> [Required action]: Write out the data exactly as given, dropping every picture.

> [Data section]:
______________________________
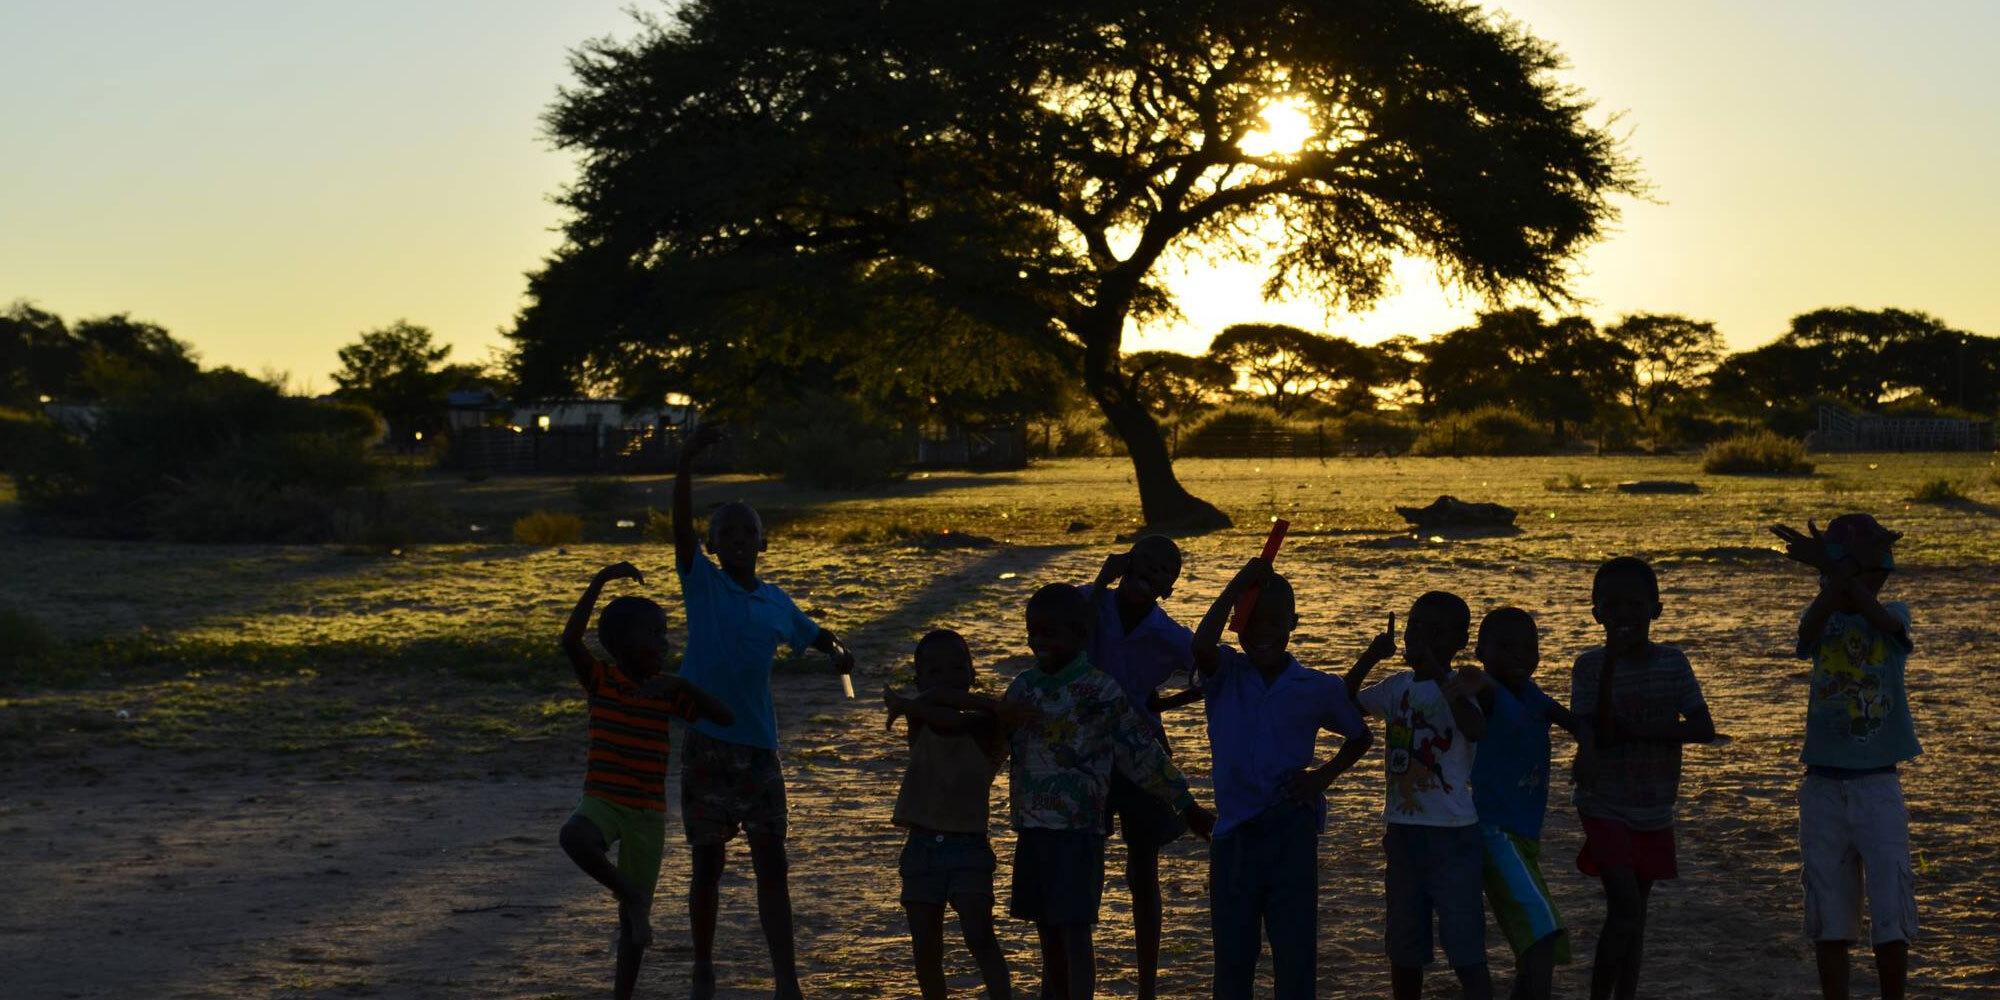 Suni e.V. ist ein multinationaler Verein. Wir unterstützen ausgewählte Bildungsinstitutionen in der Omaheke Region in Namibia. So möchten wir die Lehr- und Lebensbedingungen von benachteiligten Kindern und Jugendlichen verbessern.
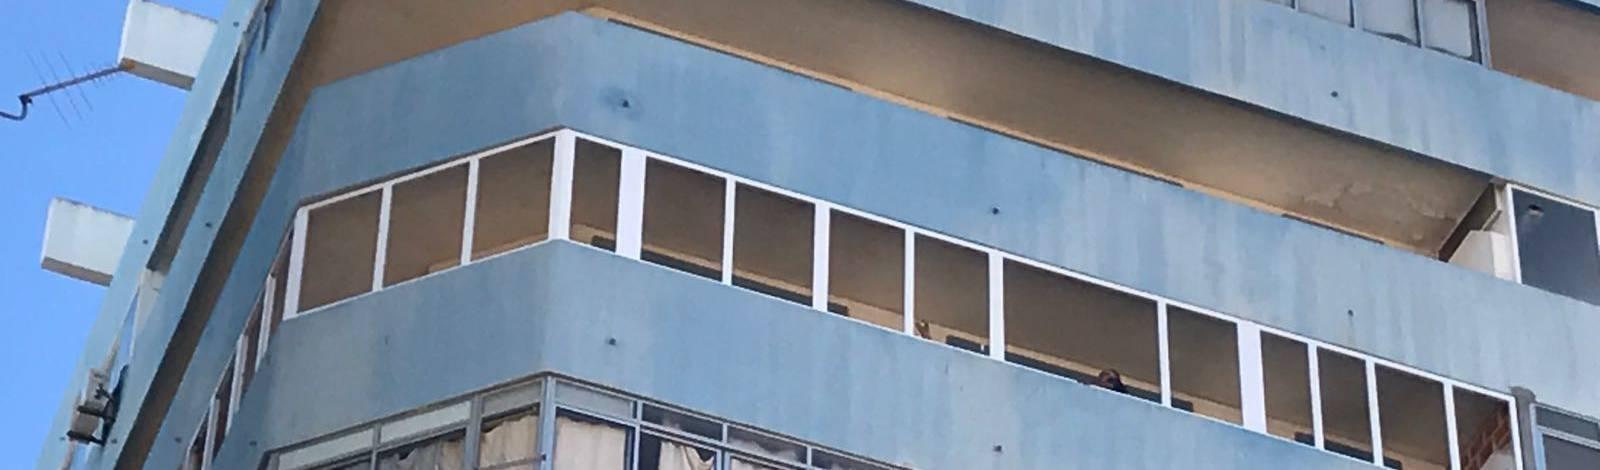 Multi-Windows Algarve
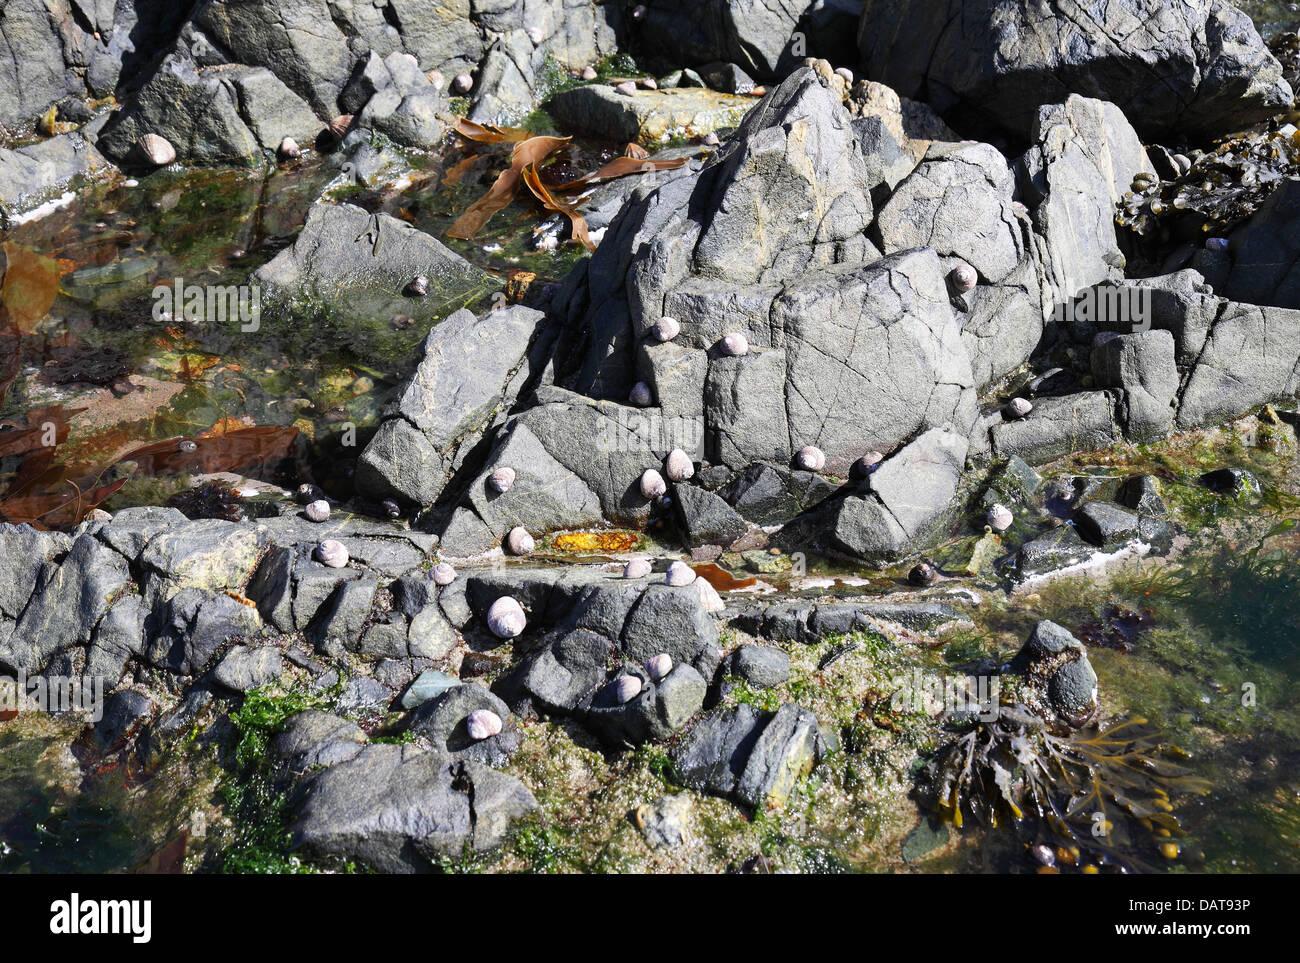 Rock côtière intérieure avec les patelles et les balanes accrochés aux rochers Photo Stock
______________________________
> [Answer for this exercise]:
 Suni e.V. ist ein multinationaler Verein. Wir unterstützen ausgewählte Bildungsinstitutionen in der Omaheke Region in Namibia. So möchten wir die Lehr- und Lebensbedingungen von benachteiligten Kindern und Jugendlichen verbessern.
 Multi-Windows Algarve
 Rock côtière intérieure avec les patelles et les balanes accrochés aux rochers Photo Stock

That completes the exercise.